Cant help you with bait as I have not fished that part of the Trinity. What you are using sounds like a good plan, add cut shad if you can catch some.

However, to be legal, you need to make those noodles white. Only legal color in TX. You can convert yours with white duct tape.

Here is an excerpt from the TPWD regulations:

*Jugline:*For use in *FRESH WATER* only. A fishing line with five or less hooks tied to a free-floating device. 

May be used to take *NONGAME* fish, channel catfish, blue catfish and flathead catfish only.
(Note: I removed the list of water bodies where jugs are not allowed, as it does not apply to Trinity River)
*Tagging and Marking Requirements: *
Must be used with a valid GEAR TAG (see Definitions) attached within 6 inches of the free-floating device; gear tag is valid for 10 days after the date set out and must include the number of the permit to sell nongame fish taken from fresh water, if applicable. Properly marked buoys or floats qualify as valid gear tags.
For non-commercial purposes, a jugline must be marked with a *white,* free-floating device.
For commercial purposes, a jugline must be marked with an orange, free-floating device.


----------



## Fishin' Soldier (Dec 25, 2007)

TexasTom said:


> Cant help you with bait as I have not fished that part of the Trinity. What you are using sounds like a good plan, add cut shad if you can catch some.
> 
> However, to be legal, you need to make those noodles white. Only legal color in TX. You can convert yours with white duct tape.
> 
> ...


THIS ^^^^

Shad, Cutbait, and cutbait. If all else fails beef liver will catch some channels.


----------



## flatsmaster14 (Mar 25, 2011)

Just get some white duck tape and run over them.


----------



## retired10 (May 5, 2010)

noodles need to be white the game warden up there realy like white 
go south and at the you run into a high bluff not far down river and a very large and deep hole 
if you go up river start putting noodles out as soon as you clear the RR tracks i have tryed beef chicken heart but shad is the best tryed cut bait last time i was there got one all others on shad


----------



## Watersoul (Feb 15, 2013)

Great. Thanks for the advice. I will pick up some white duck tape tomorrow.


----------



## Watersoul (Feb 15, 2013)

Finished. Ready to hit the river.


----------



## Whitebassfisher (May 4, 2007)

I think you are ready!


----------



## shadslinger (Aug 21, 2005)

Looks good, bait with shad!


----------



## firedog4$ (Aug 24, 2004)

You are almost ready, now get that sharpie and put your name and address and date you put them out on the float. The date is good for 10 days.


----------



## retired10 (May 5, 2010)

I see numbers on the ends is that the amount of line you have on that noodle


----------



## Watersoul (Feb 15, 2013)

retired10 said:


> I see numbers on the ends is that the amount of line you have on that noodle


Yes, those are the line lengths. I am going to mark all my personal info on them before I put them out. I plan on just having them out for a few hours while we watch from the boat. How far up river is the 2nd RR track?


----------



## Fishin' Soldier (Dec 25, 2007)

Mo' advice, you can wrap the line up on the pole and throw a half hitch around the eylet to adjust to shorter depths.

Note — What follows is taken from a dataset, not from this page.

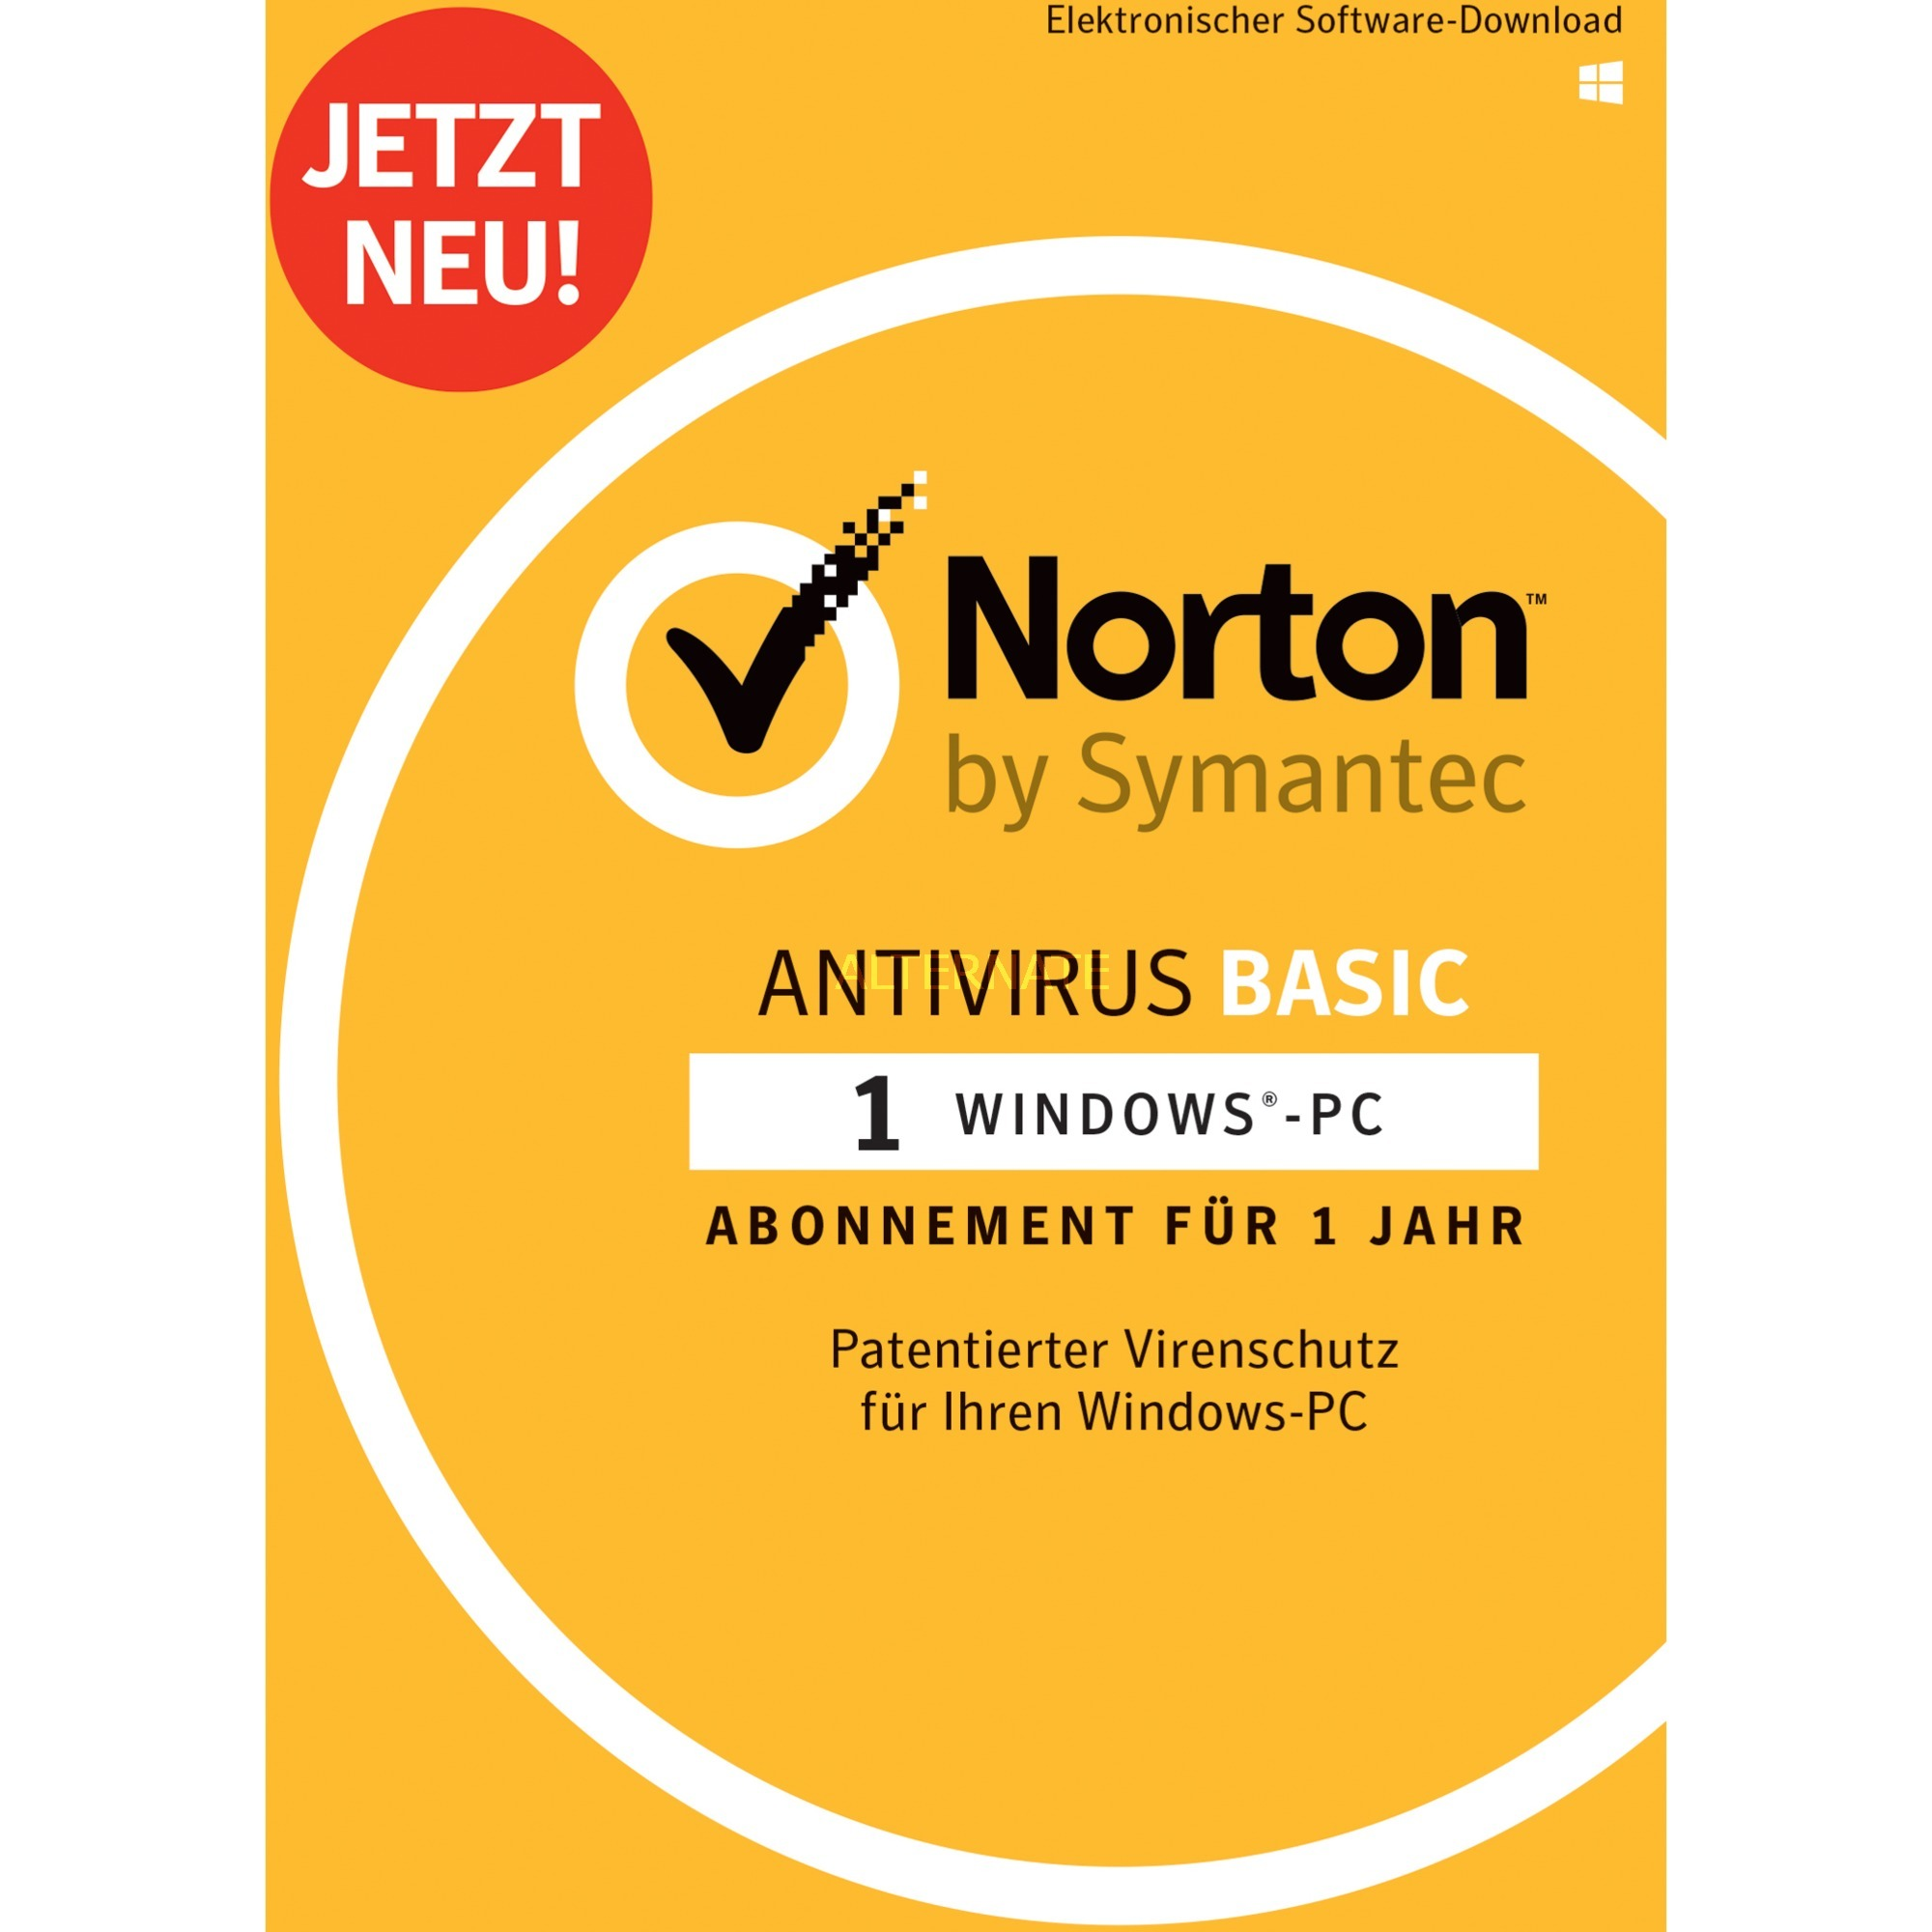 Antivirus Basic 1D, Software

Also, you can just mark through the sates and add new date every time u go juggin. Good luck and post a report.


----------



## retired10 (May 5, 2010)

Watersoul said:


> Yes, those are the line lengths. I am going to mark all my personal info on them before I put them out. I plan on just having them out for a few hours while we watch from the boat. How far up river is the 2nd RR track?[/QUOTE
> 
> not the 2nd RR the one right there at the boat launch at hi way 19
> and put the noodles up stream of any opening going into a back water lake
> let them float down river acrose the opening


----------



## Watersoul (Feb 15, 2013)

The bluffs just down from the RR tracks paid off. The depth was up to 50 feet and we set our noodles along the shore line. We launched the boat around 0700 and the water temp was 85deg. We caught 9 blues averaging about 7lbs to 9lbs within the first hour. At 0930 the water temp was up to 90deg and thats when the bites stopped. I am guessing next time we will start earlier in the morning. Nothing like cooking fresh same day catch.


----------



## shadslinger (Aug 21, 2005)

WTG! That was excellent noodling!


----------